The US Open is currently being played on a course in Southampton. The popularity of golf has shot up remarkably in India thanks largely to cable TV. Yet, it can never be as popular as cricket in our subcontinent or football worldwide. Although it has humble origins on the coastal links of Scotland where shepherds kept knocking pebbles with their crooks, it has evolved into a highly complex game requiring expensive equipment, vast spaces, necessitating enormous maintenance and considerable time. That puts it out of reach for a lot of people, which is a pity. Those of us fortunate to have played it know it’s not just a sport but a way of life.
People will play football or cricket or any other sport, perhaps exchange a word or two about how the game went and then forget it. Not so a golfer. He will adjourn to the bar, the 19th hole in golf parlance, and analyse the game threadbare, recalling rapturously the four-iron shot that landed two feet from the pin or ruing the missed putt on the last hole.

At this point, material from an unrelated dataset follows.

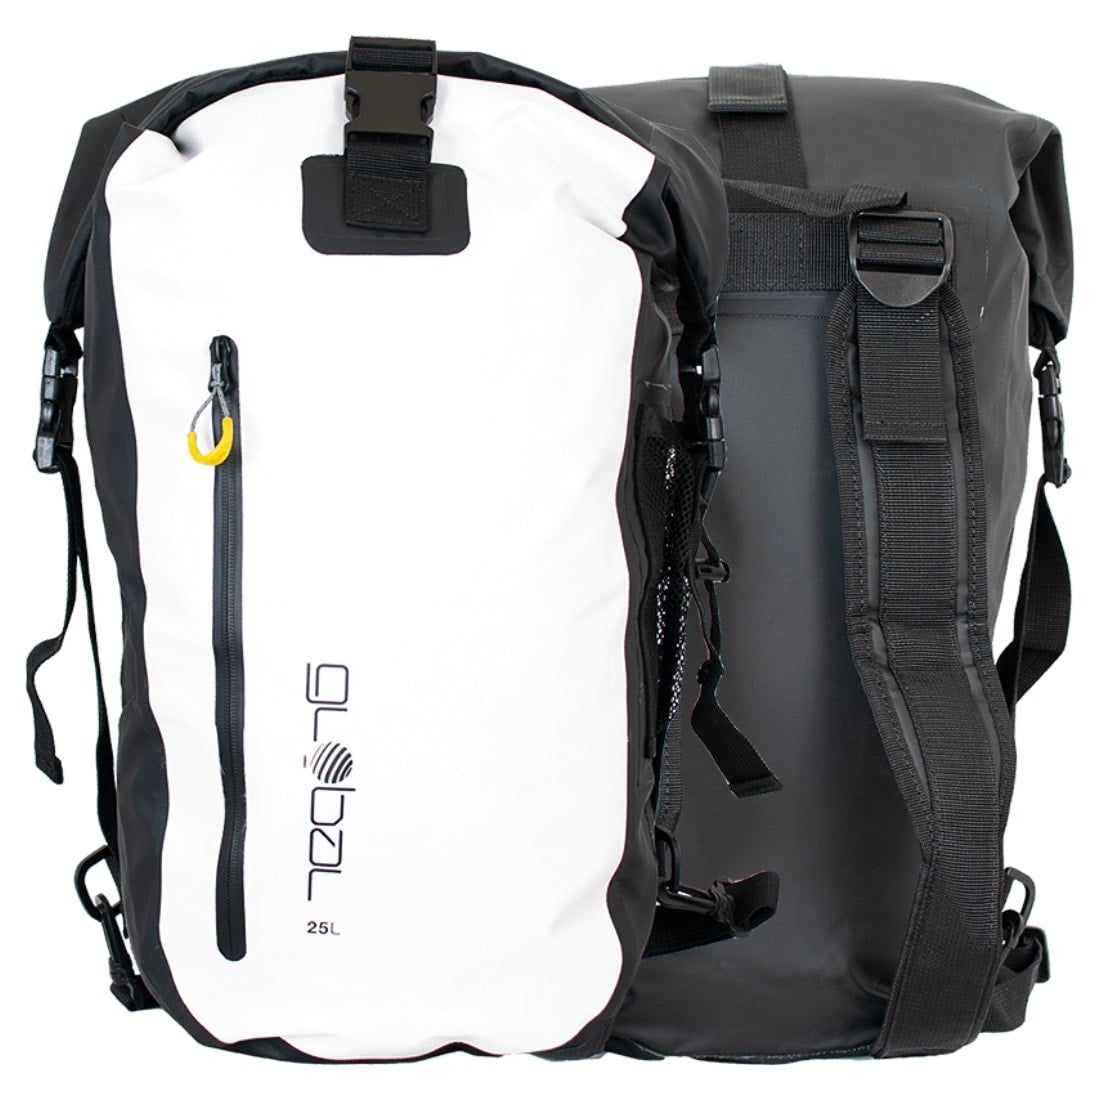 Global 25L Dry Bag Backpack - White - Wet/Dry Bag by Global 25L

The game is structured for this kind of talk. Which other game has an arena that’s not defined by length or breadth and requires 14 different clubs to hit a minute ball all over the course ending up in 18 tiny holes? In between, you have to negotiate your way around trees, ponds, sand, thorny bushes, wild grass and any other obstruction the designer may have fancied. No two courses in the world are alike; not even two holes are ever the same. Peculiar incidents are just waiting to occur. A few years ago, during the US Open, Tiger Woods was mortified to find his ball stuck in a tree! A helpful spectator climbed up and retrieved it. I have done better than this. Playing at Kochi’s Bolghatti course one Saturday, I hit the ball high up a palm tree only to lose it up there. Unlike Tiger, I had no gallery and had to continue playing with another ball. The next day I returned to the course and, although not known for consistency, repeated the previous day’s shot. It struck the same tree and, lo and behold, two balls dropped!
Considering that a round of golf takes around four hours during which odd things happen, players often give vent to their feelings in colourful language. A story goes that a puritan club tried to curb this tendency by imposing a stiff fine on anyone heard uttering obscenities. A habitual offender decided to take the matter to court. He described to the judge his trials and tribulations caused by shanked shots, missed putts, lost balls, and pleaded for mercy. The judge promptly dismissed the case agreeing that there was enough provocation for the man to use the language he did!
No wonder Mark Twain defined golf as “a good walk spoiled”. Someone else said golf is a game in which you shout “fore”, hit six strokes and write down five! Perhaps a golfer’s attitude is best summed up in a player inquiring about his opponent’s shot, “Is my ‘friend’ in the bunker or is the ‘bastard’ on the green?”